The history of the Chinese community in India
The Chinese immigrant community in India emerged centuries ago, but rose to prominence in the late 18th century, as trade between China and India increased under the British rule. The arrival of the workers in ports like Madras and Calcutta led to the establishment of a community in these cities, and eventually, this community went on to contribute towards the social and economic life in Kolkata, mainly through the manufacture and trade of leather products, as well as the running of Chinese restaurants, a cuisine that is immensely popular in every nook and corner of the country.
The Chinese people living in India, today, comprise of two separate communities, based on their origin and settlement. One is of the emigrants living in the country, usually in terms of 2-3 years. The other consists of Chinese immigrants, as well Indian people of Chinese origins whose ancestors settled in India many years ago. Calcutta used to be home to over 50,000 Chinese in the 60’s and 70’s. However, migration to Canada, Australia and the Middle-East for job opportunities and education led to a decline in the overall number. Now, barely 5,000 members of the once-thriving community live in Kolkata in areas such as China Town near Tiretta Market and Tangra.
Celebrating a new year with the same traditions
As the new year approaches, there is an aroma of festivity, as people gear up to celebrate the auspicious occasion. During the build-up to the big day, there is extensive cleaning of the houses, dishes are prepared, decors are hung up, shiny Lai Shi envelopes filled with cash money are collected and gifted to children. The scale of the celebrations might not be the same as those in mainland China, but the traditions are followed with the same dedication and in the same archaic ways.
People celebrate by bejewelling their houses in traditional decorative pieces that are predominantly red in colour. Red is considered an auspicious colour and in the Chinese culture, it is believed to bring prosperity, happiness and health. Traditional decor includes Chinese lanterns, that are lit and hung inside houses and on the streets, red banners, flags and streamers, that adorn streets and courtyards.

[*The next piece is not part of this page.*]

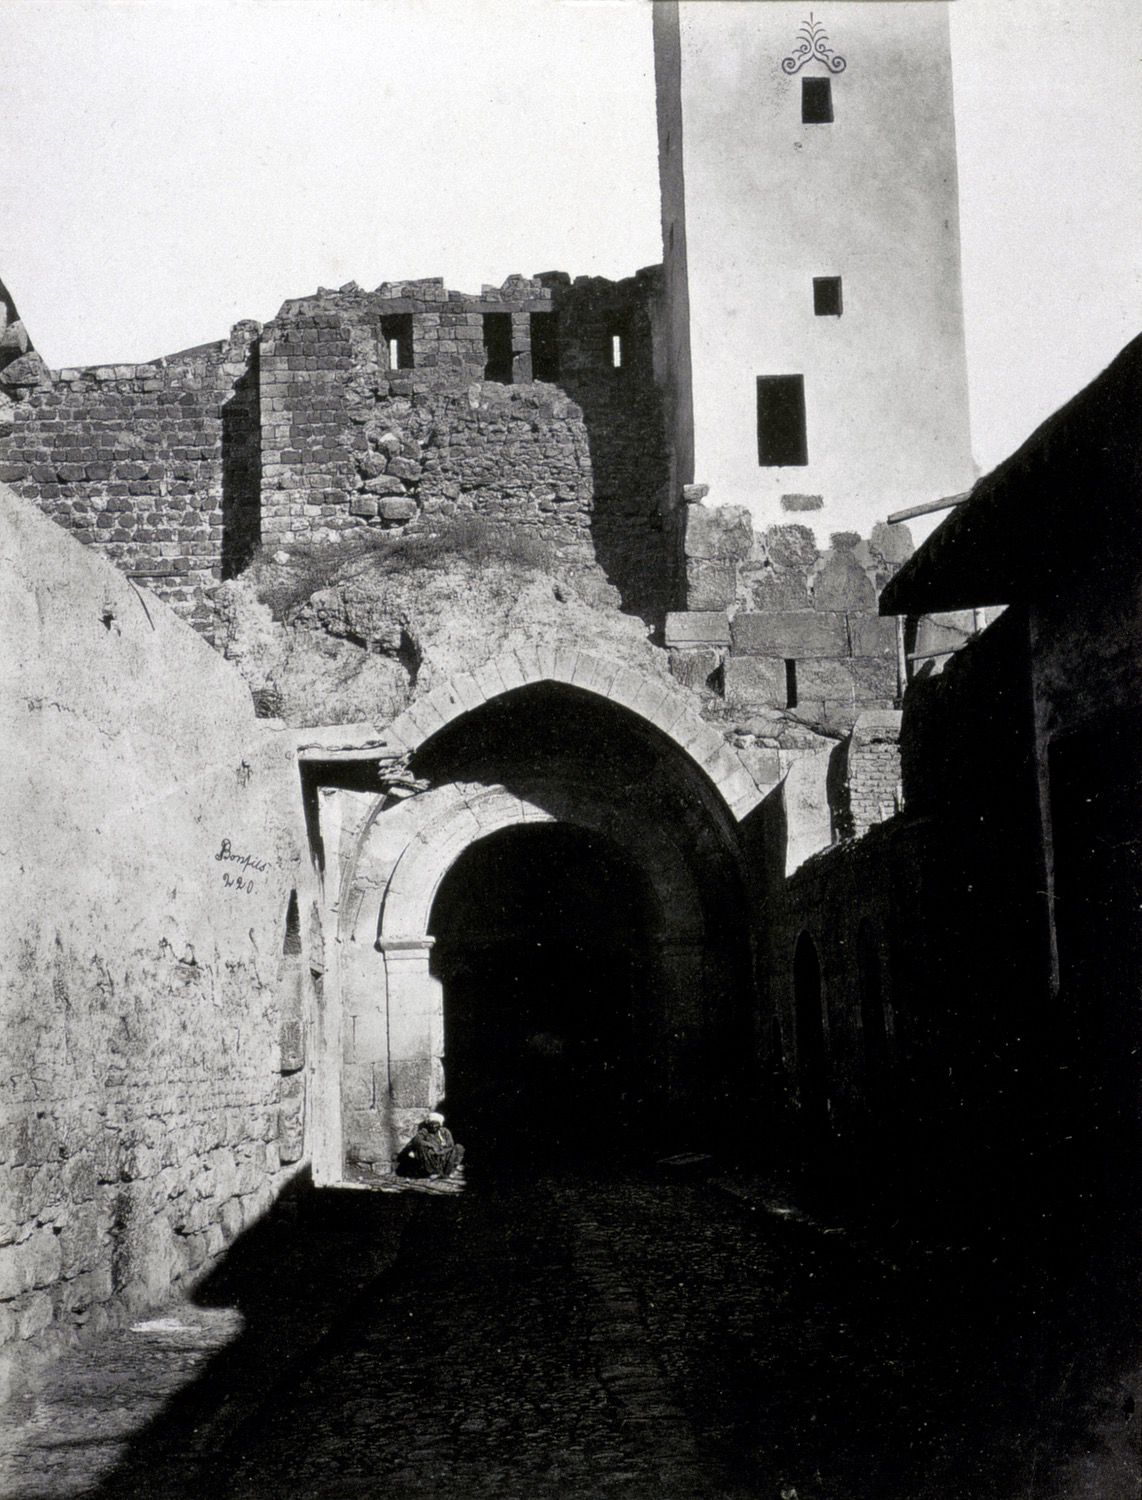 Historical views. "Bab Sharqi, interior view of the walls"

The New Year’s Eve, in the Chinese culture, is far more important than the actual day itself. This is the time when families get dressed the finest of their clothes and get together for a huge feast. The dishes prepared and eaten are symbolic. They are considered to represent one’s wishes and wants for the New Year. Meat represents plenty of good fortune, hence special fish and meat preparations are enjoyed by people.
The one tradition that familiarises the entire world with the Chinese New Year is the animal dance. Multiple participants get together to dress up in huge animal figurines, the most common being the Chinese dragon. Festivities are also incomplete without the Lion Dance, which is less about fanfare and more about meaning, adding grandeur to the celebrations.
The burst and smell of firecrackers are symbolic of scaring away demons and other evil spirits, and the red envelopes exchanged are filled with money to ensure prosperity and a good financial year. As is evident by all the above traditions, the Chinese New Year is heavy on symbolism, adding deeper meanings and hopeful wishes to every act of fanfare.